What specific technologies are you using (or plan to use) to support business operations?

We use remote tank monitoring to help us manage our customers’ supply. We are able to get real-time tank percentages, which really helps us with load scheduling. Many of our customers are set up so they never have to call us to order gas. They let us watch their tanks and send transport loads in as needed. It’s a big help to them during the peak season when things are hectic. If they get busy and forget to order a load, they can be in big trouble. If we can see their tanks, that won’t ever happen.

On-board scanning is another technology we’re starting to see. The transport companies who haul for us have scanners in their trucks, so they can get us BOLs and other paperwork almost in real time. This allows us to pass information to our customers much faster, which everyone seems to want these days.

Is there anything else you’d like to tell us about yourself, your company and/or the propane industry?

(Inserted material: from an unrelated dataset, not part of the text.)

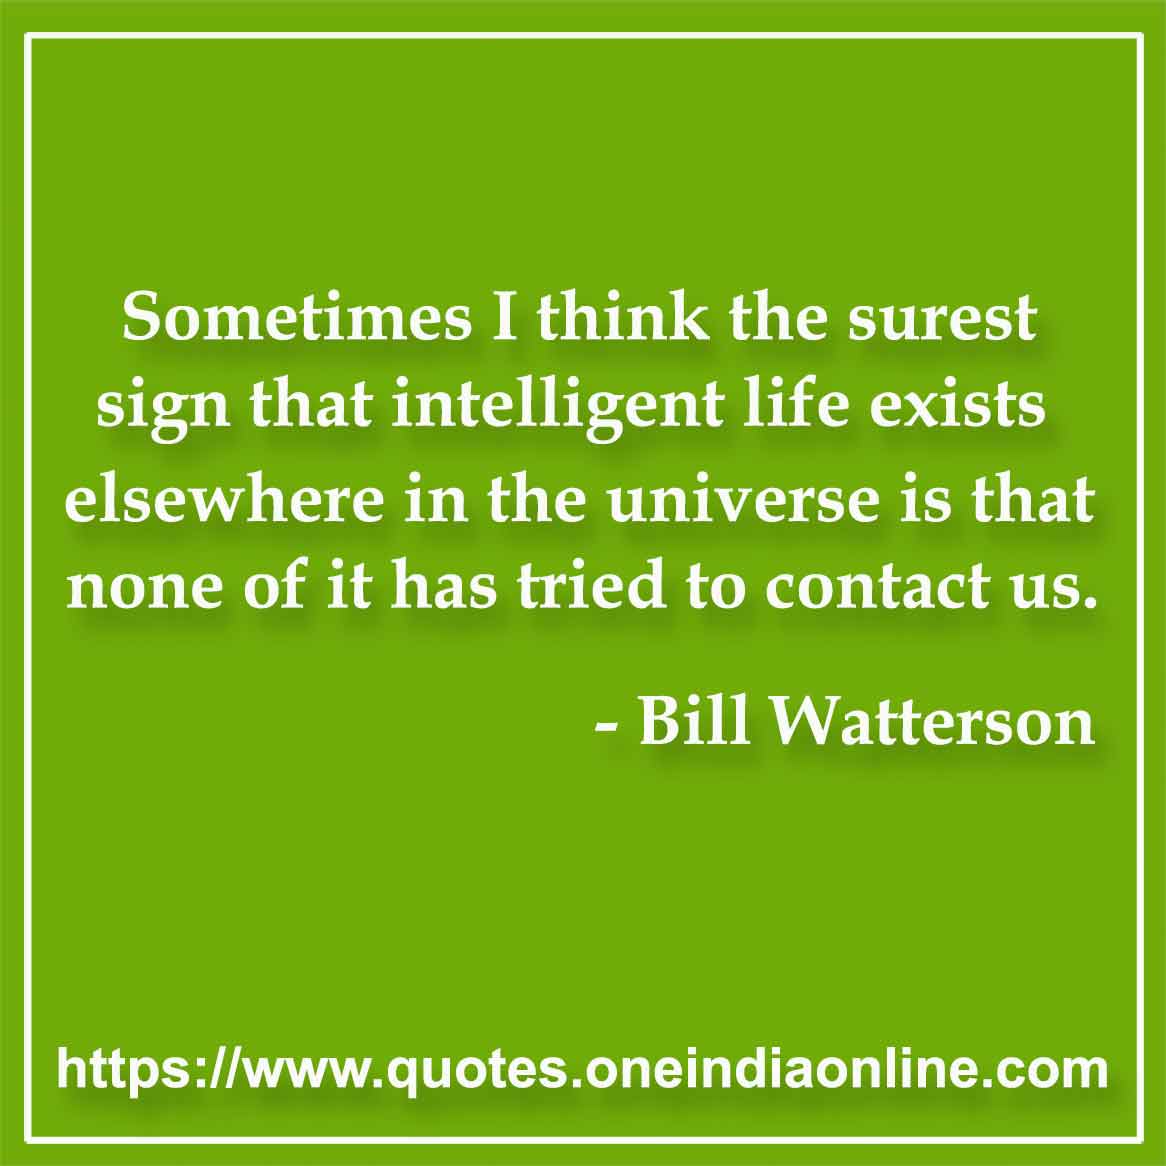 Sometimes I think the surest sign that intelligent life exists elsewhere in the universe is that none of it has tried to contact us.

- Intelligent Quotes by Bill Watterson

On a personal level, the propane industry has treated me very well so far in my early career. I hope to continue working in the industry until retirement, as I really love the people I work with and the customers we do business with. By the time my career is over, I hope to have contributed as much to the industry as my mentors have. I’m currently involved in several state associations throughout the Northeast, and I hope to one day get involved at the national level. Our owner sits on the NPGA supply committee, and has served on countless other boards and committees throughout her career. The work she has done has most certainly changed the industry for the better. I hope to accomplish the same. As a company, I believe that what we’re doing at Global Gas can help bring positive change to the industry. Our team has extensive experience across all sectors of the industry – retail, wholesale and transportation. With that experience, we help our customers make informed supply decisions, but we also bring that knowledge to producers to help them better understand the needs of the independent marketers. We’re in a unique position that allows us to act as a liaison between the producer and marketer, and with our experience sitting on both sides of the table, we hope to improve the supply sector of the industry.